Leaving the Valley we got off the boat near Kadipani, four hours from Baroda, and were stopped and interrogated by the Gujarat police. We were asked to explain our association with Medha Patkar, and accused of coming to the Valley to create disturbances. We were informed that in Narendra Modi's state there are new rules and those deemed suspicious would be detained. Our visit, we were told, would be reported to the government. Another indication of mistreatment in 'Modi's Gujarat', where the state participates in the intimidation of the innocent, in violence against minorities. The very state that was an accomplice in the recent murder of Muslims and obstructs justice today, continues to abuse the rights of the people of the Narmada Valley.

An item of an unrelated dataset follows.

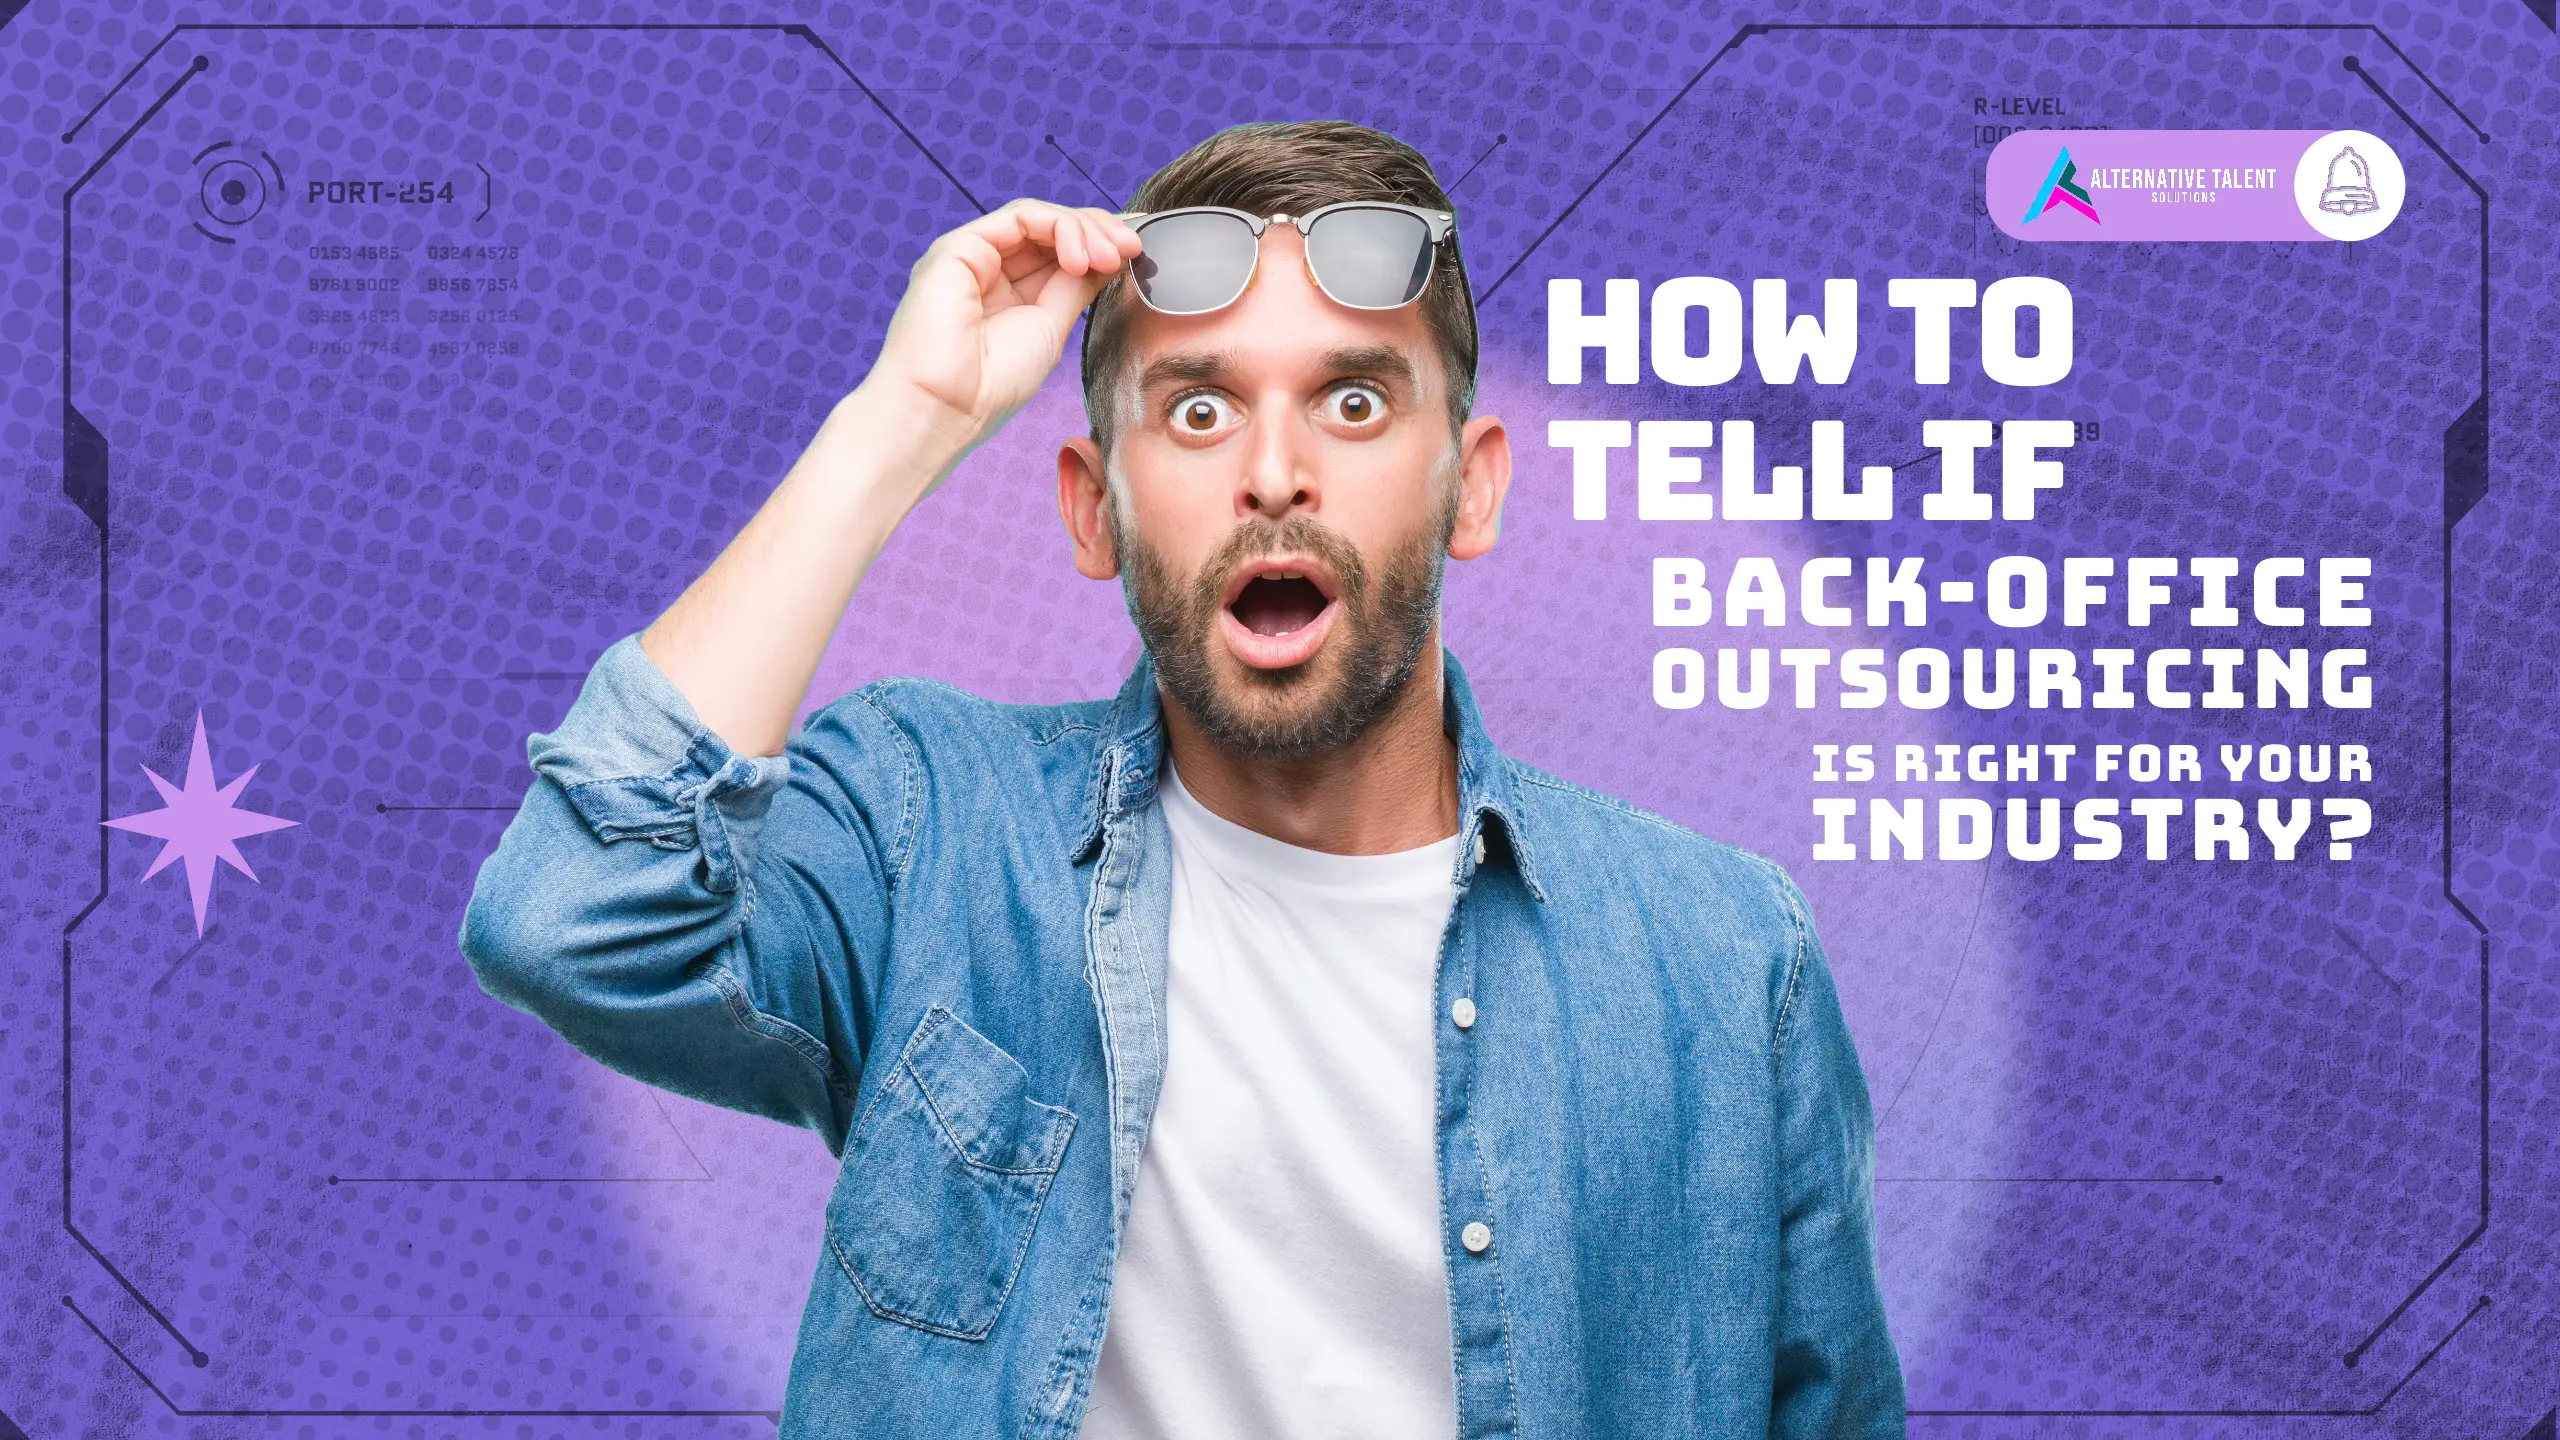 Is Back-Office Outsourcing Right for Your Industry? Here's How to Tell"
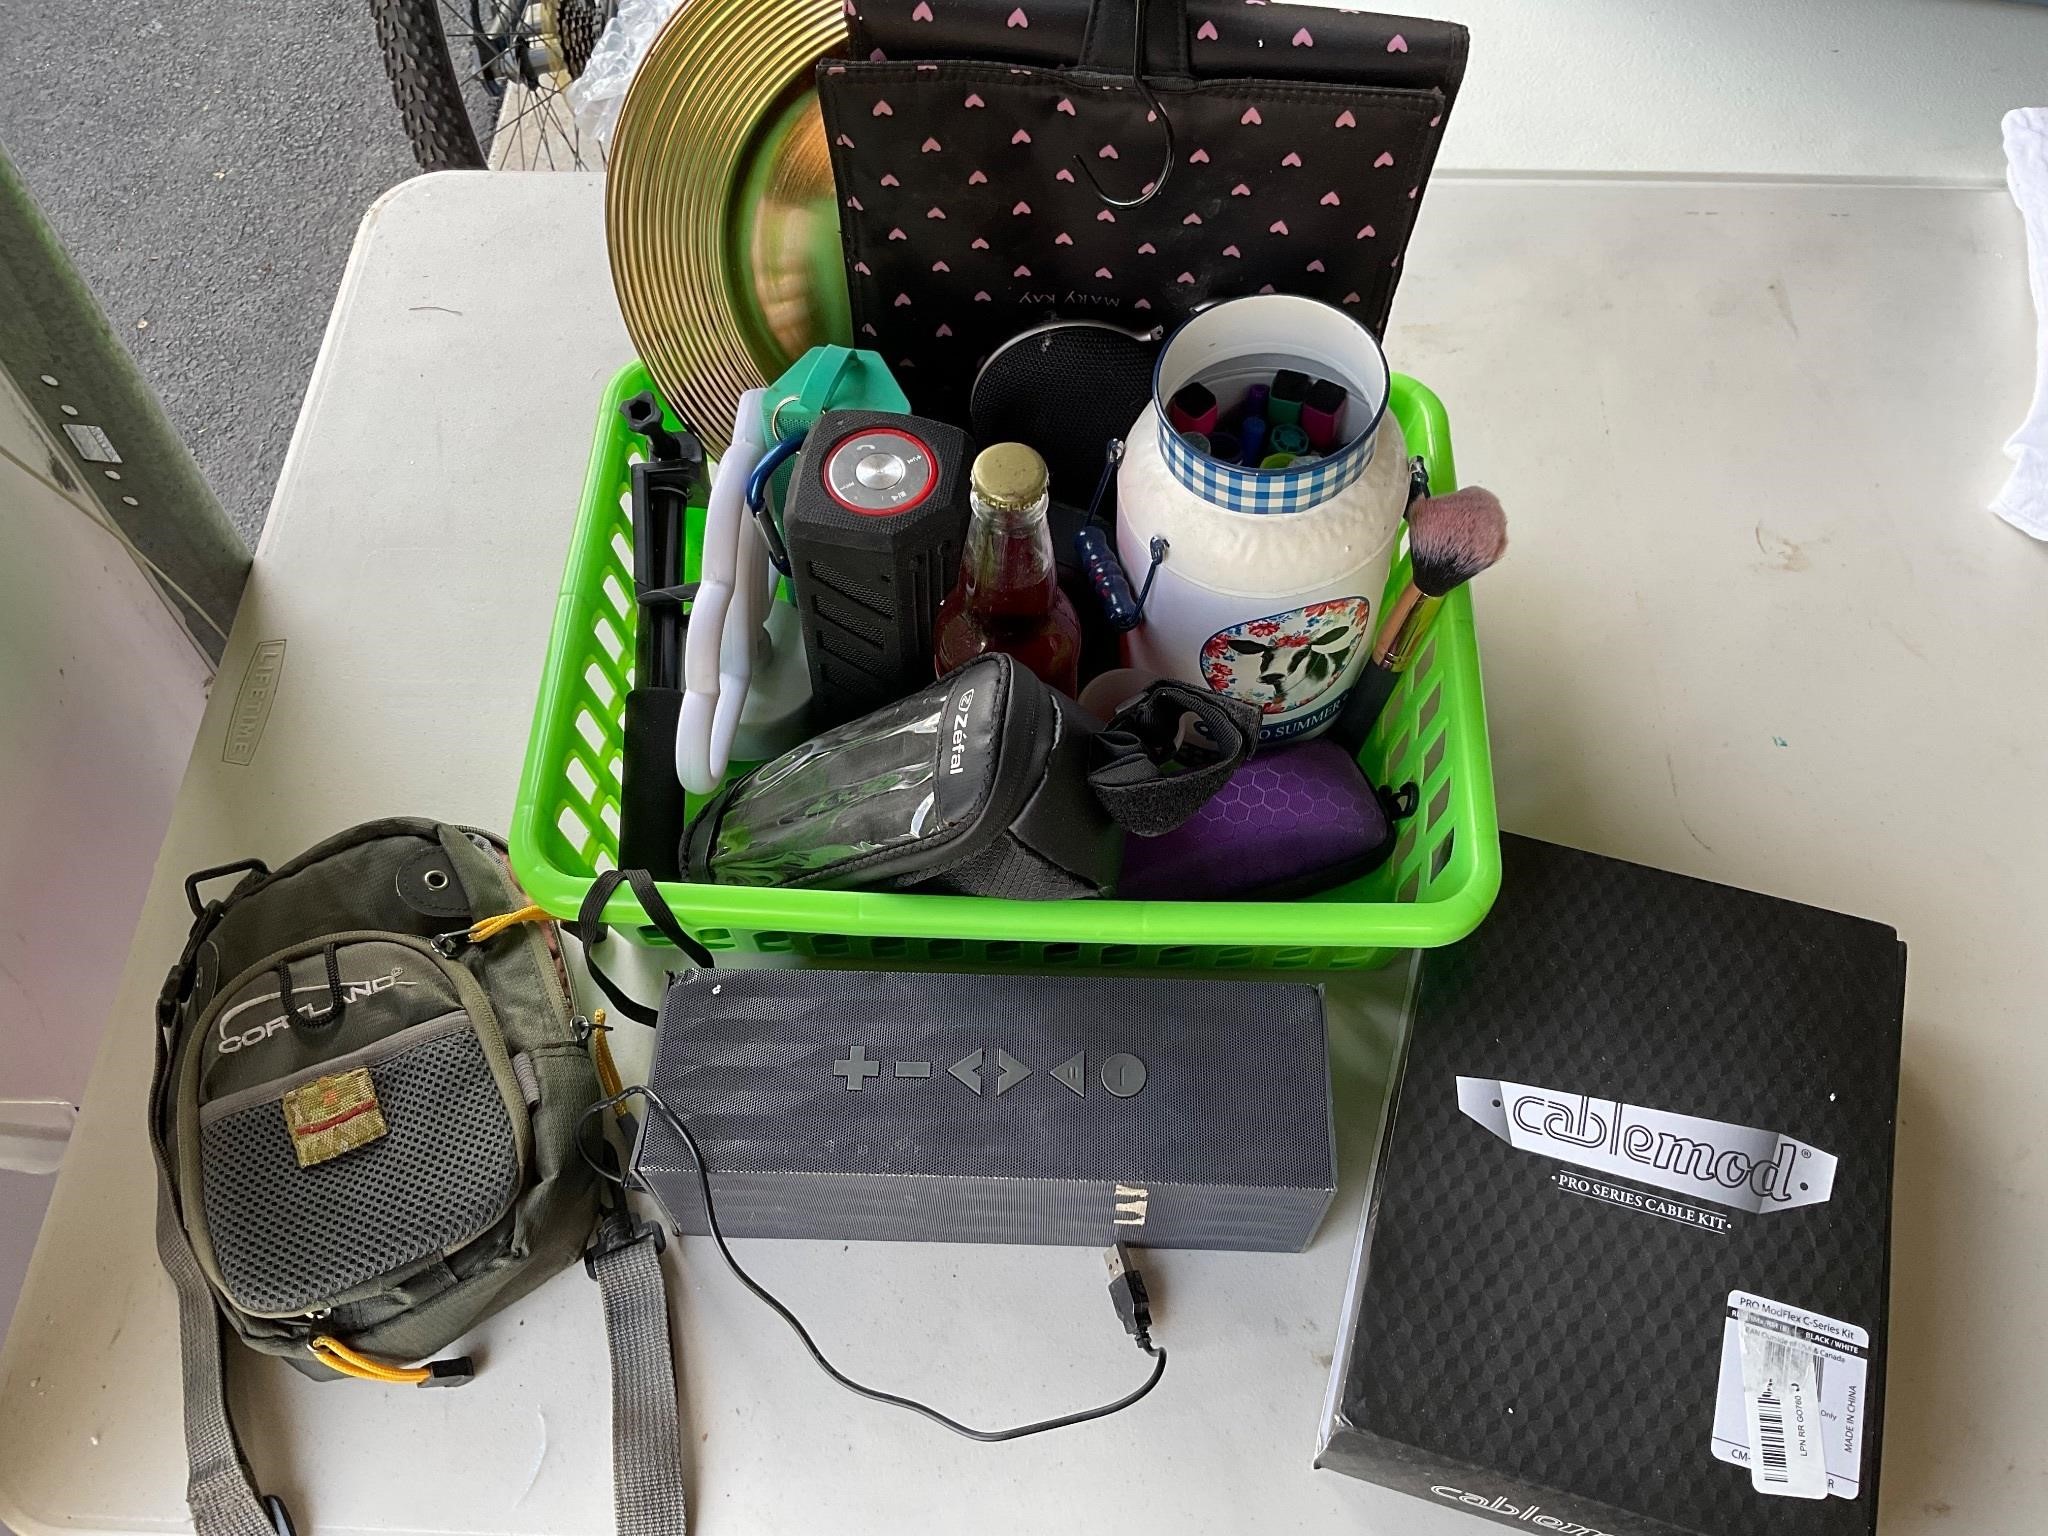 Basket with speakers and miscellaneous

Umesh Patidar, an Andolan activist, was waiting outside the police station. As we said goodbye, Umesh Bhai handed us some food, saying that we had a long road to travel and should have sustenance. Amid all he has to do, amid the horror of his reality, he is caring. It is humbling to witness the strength of the Andolan, its refusal to be made inhuman. A clash of worlds. One where integrity and relationships matter. Another where alienation and greed dominate, where there is no comprehension, or tolerance, of difference.

Proponents see the dam as a leap in science and technology. They assert that the quality of life will significantly improve because of the political and economic decisions made in support of the Sardar Sarovar. Treacherous fictions. Struggles over the shape of the Indian nation in the Narmada Valley, narrate the irrevocable depletion of the country's natural resource base and the brutalisation of the disenfranchised. Sardar Sarovar tells a disparaging story of the destitution of communities, of persistent and invasive inequities. It symbolizes the incapacity of the state to honour lives and aspirations that dare to challenge the inequities of globalization and the tyranny of dominant development.

Who is accountable? The World Bank withdrew in 1993 without redressing the consequences of its involvement. The Governments of Madhya Pradesh, Maharashtra and Gujarat have failed to abide by legal norms, the Supreme Court to deliver juridical justice. How little democracy functions for the disempowered in India.

The bereaved river rages in despair. Cultural genocide is never justifiable regardless of how much 'economic prosperity' results. The injustices in the Narmada Valley must be scrutinized by international human rights organizations. The government must comply with the rule of law. If history chronicles that the people of the Narmada were indeed drowned out, with them will die ways of being precious to preserving our world, languages, values, spiritualities, imagination and memory. And, if we do not speak up we will have been complicit in this massacre.

Angana Chatterji is a professor of Social and Cultural Anthropology at the California Institute of Integral Studies.